[Data for review]
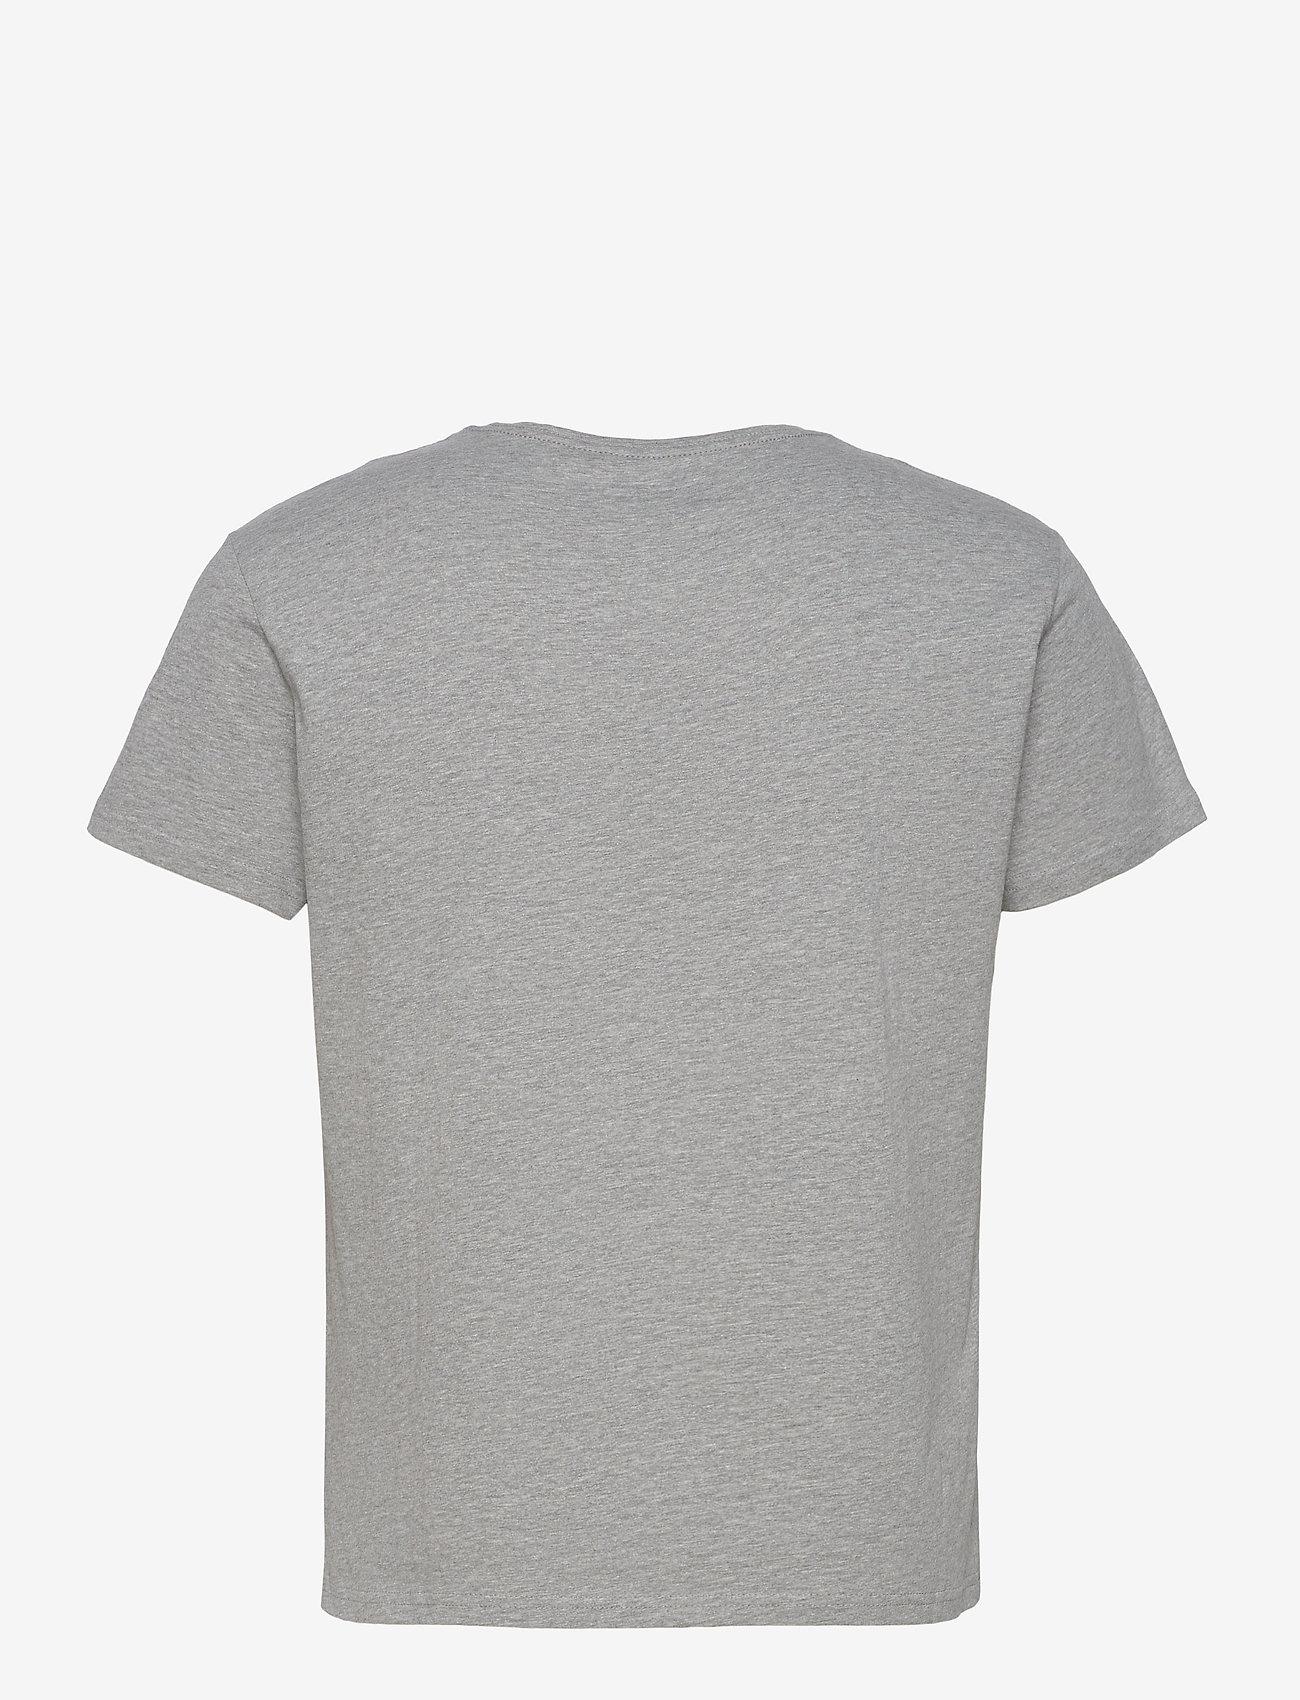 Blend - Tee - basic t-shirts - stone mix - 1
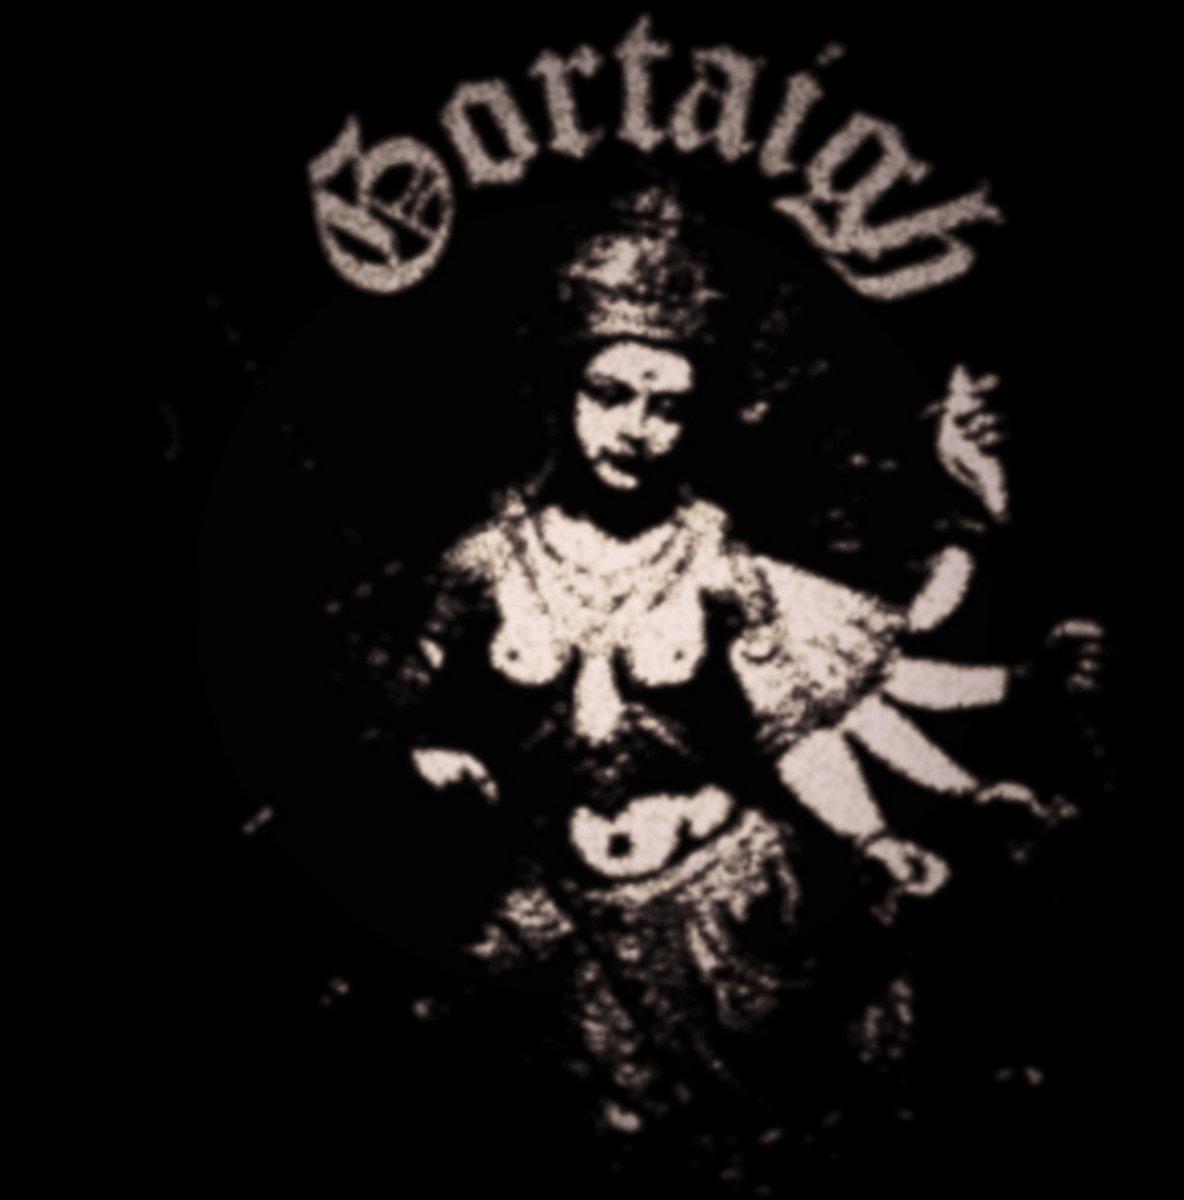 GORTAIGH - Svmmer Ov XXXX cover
[/Data for review]
[Data for review]
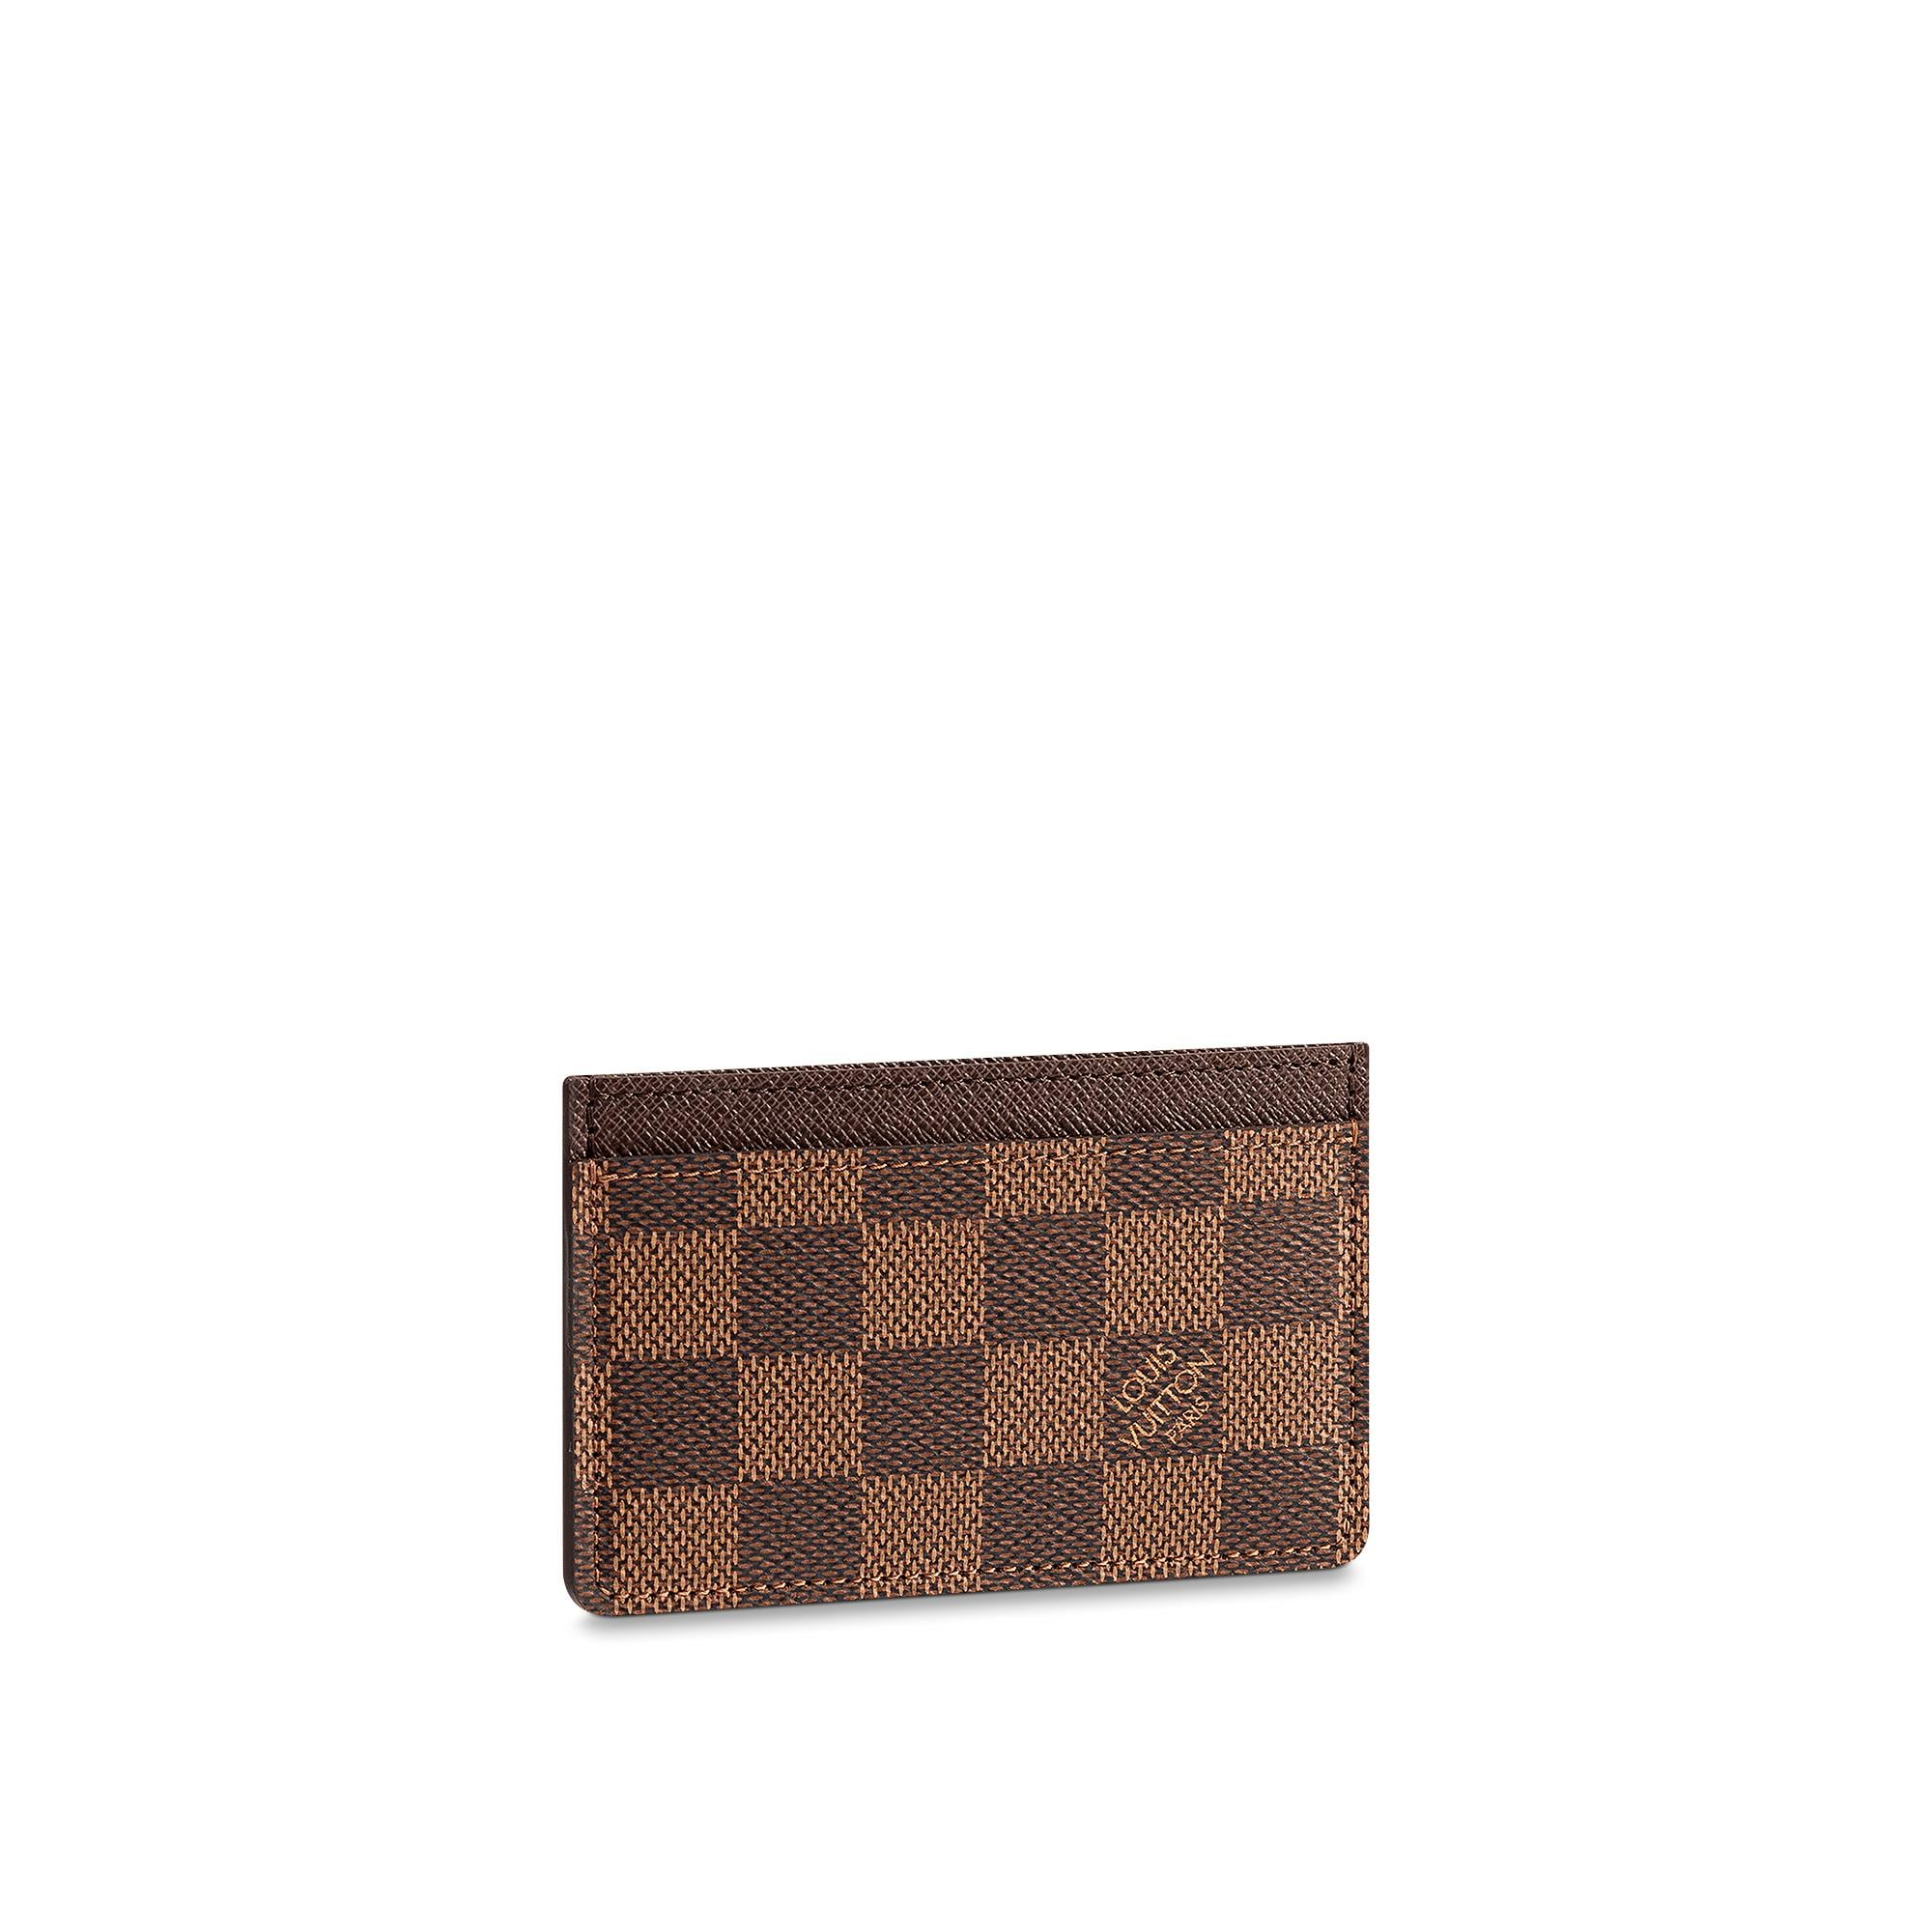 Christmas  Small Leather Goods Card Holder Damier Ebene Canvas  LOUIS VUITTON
[/Data for review]
▸ **About this task**
Give back exactly the lines above that run from the one with "Blend - Tee - basic t-shirts - stone mix - 1" to the one with "GORTAIGH - Svmmer Ov XXXX cover", including both, with the pictures left out.

▸ **Reply**
 Blend - Tee - basic t-shirts - stone mix - 1
 GORTAIGH - Svmmer Ov XXXX cover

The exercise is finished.